By following a Beijing expedition with a New Delhi “reset,” Silva is executing what regional analysts call strategic hedging.
For a party that once viewed Indian intervention as an existential threat to Sri Lankan sovereignty, the shift is stark.
Historically, the JVP spearheaded two bloody insurrections, with the 1987 uprising specifically targeting the Indo-Lanka Accord.
Today, however, Silva is seen engaging with Indian External Affairs Minister S Jaishankar to discuss growth opportunities and mutual benefit.
But local geopolitical analysts say Silva’s move could be due to the current geopolitical chess game with higher uncertainty created by US President Donald Trump’s tariffs.
They say there is hardly any change in anti-Indian sentiment within hardcore JVP supporters.
From Protests to Partnerships
In New Delhi, the delegation was briefed on India’s Neighbourhood First policy and the ‘MAHASAGAR’ vision.
Beyond mere rhetoric, Silva’s visit to learn about the Unique Digital Identity Authority of India (Aadhaar) and the Gati Shakti infrastructure plan suggests a government eager to modernize Sri Lanka’s bureaucracy using Indian technical blueprints, analysts say.

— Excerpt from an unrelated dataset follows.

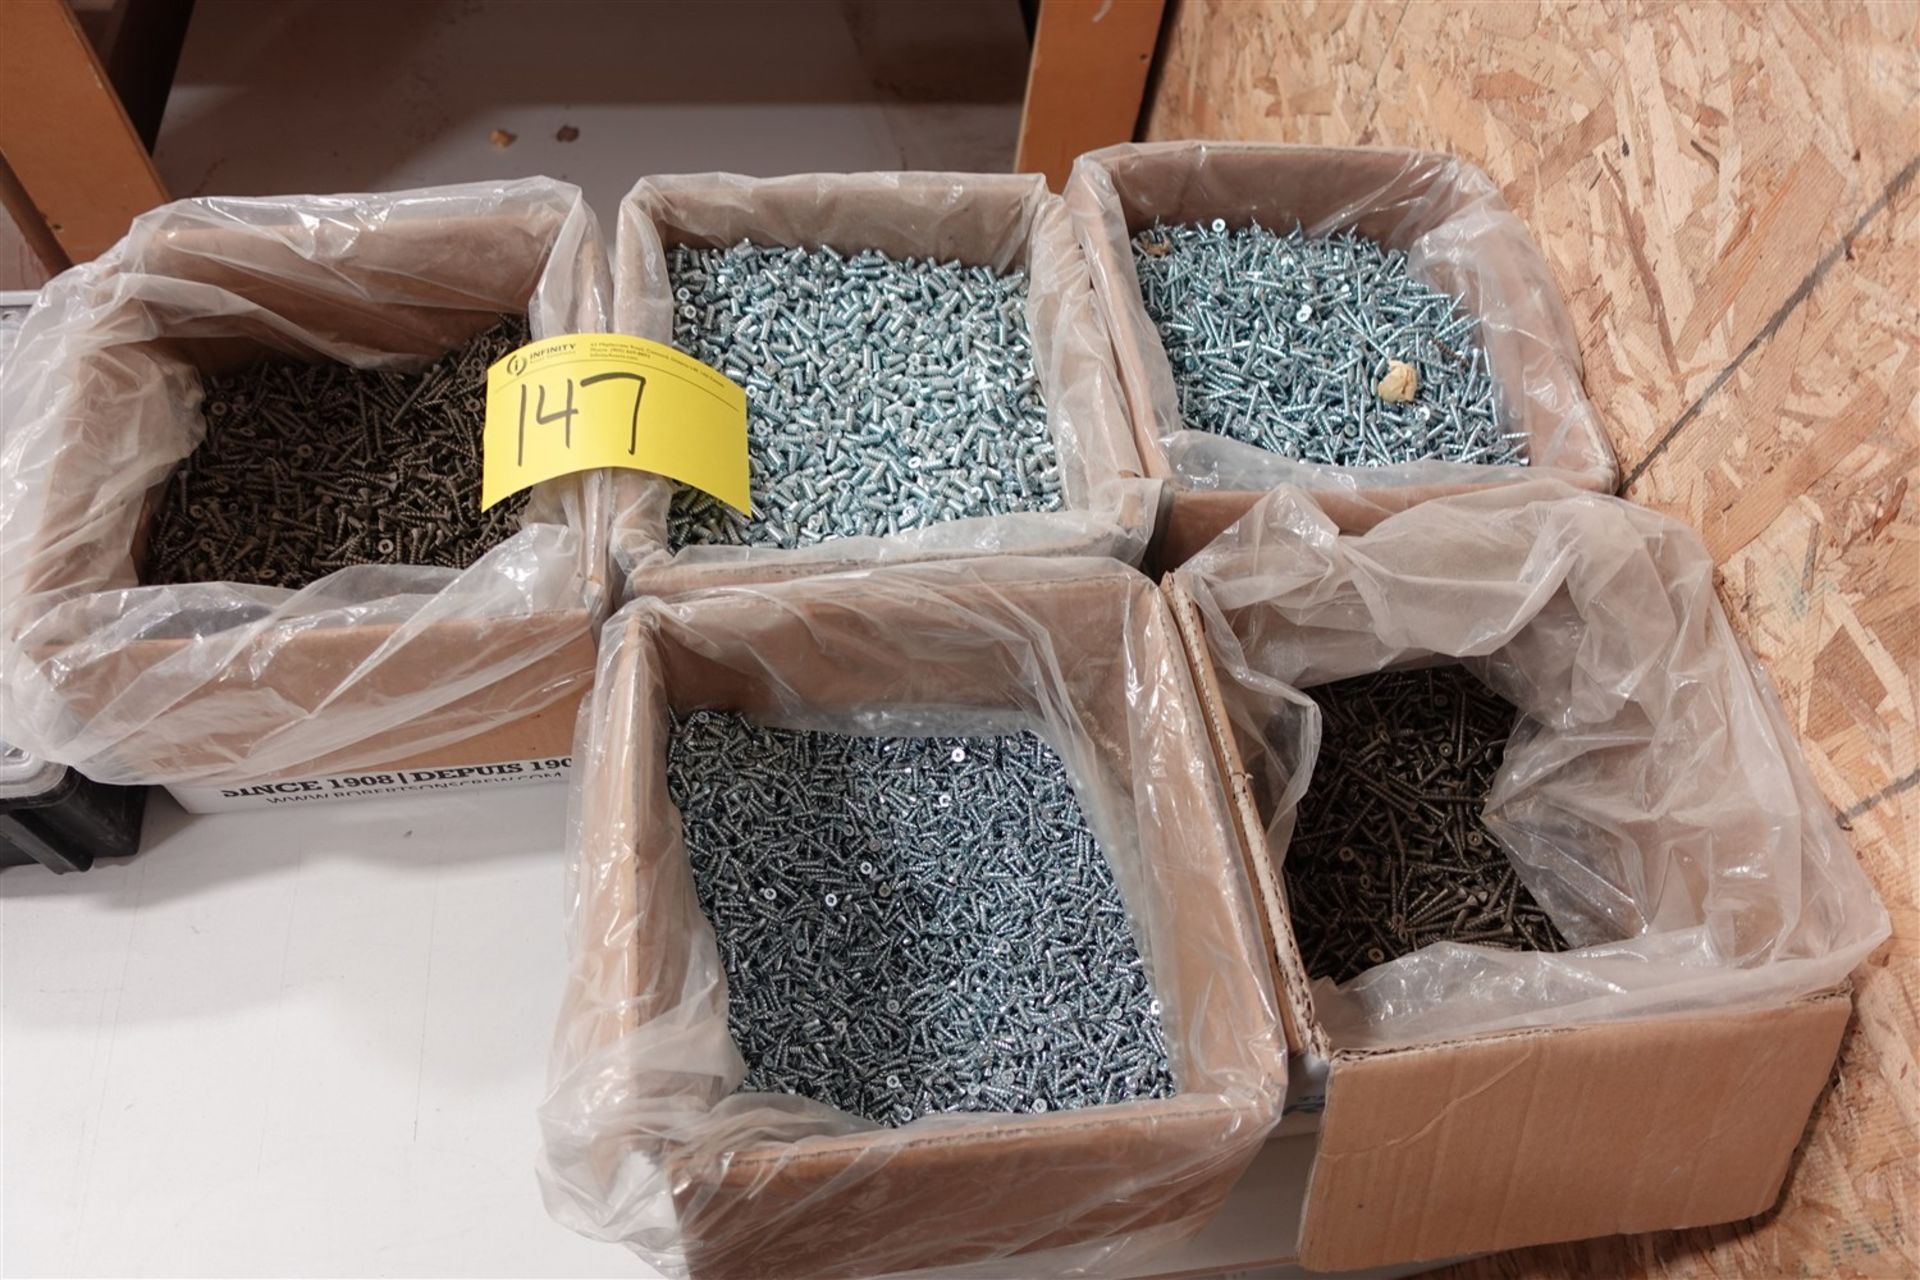 5 BOXES OF ASSORTED SCREWS

Silva, who himself along with his party criticized private-public partnerships and foreign monopolies, visited AMUL and the Gujarat International Finance Tec-City (GIFT City).
The delegation also studied the “Gujarat Model” of inclusive development, a move that underscores the JVP’s transition from a revolutionary movement to a pragmatic governing force, analysts say.
The De Facto Power
While Dissanayake holds the presidency, Silva’s position as General Secretary in the JVP’s politburo structure makes him the de facto ideological compass of the state.
Analysts see his visit to the Vizhinjam Deep-Water Container Transshipment Port in Kerala, a project developed via a PPP model, as a move of NPP’s willingness to move away from rigid Marxist dogma toward a developmental realism that welcomes regional cooperation.
As Sri Lanka continues to navigate a path out of its economic crisis, Silva’s Indian tour serves as a clear message that the “Red” party of the past has been replaced by a government that recognizes New Delhi as a trusted partner, successfully balancing the scales between the two Asian giants.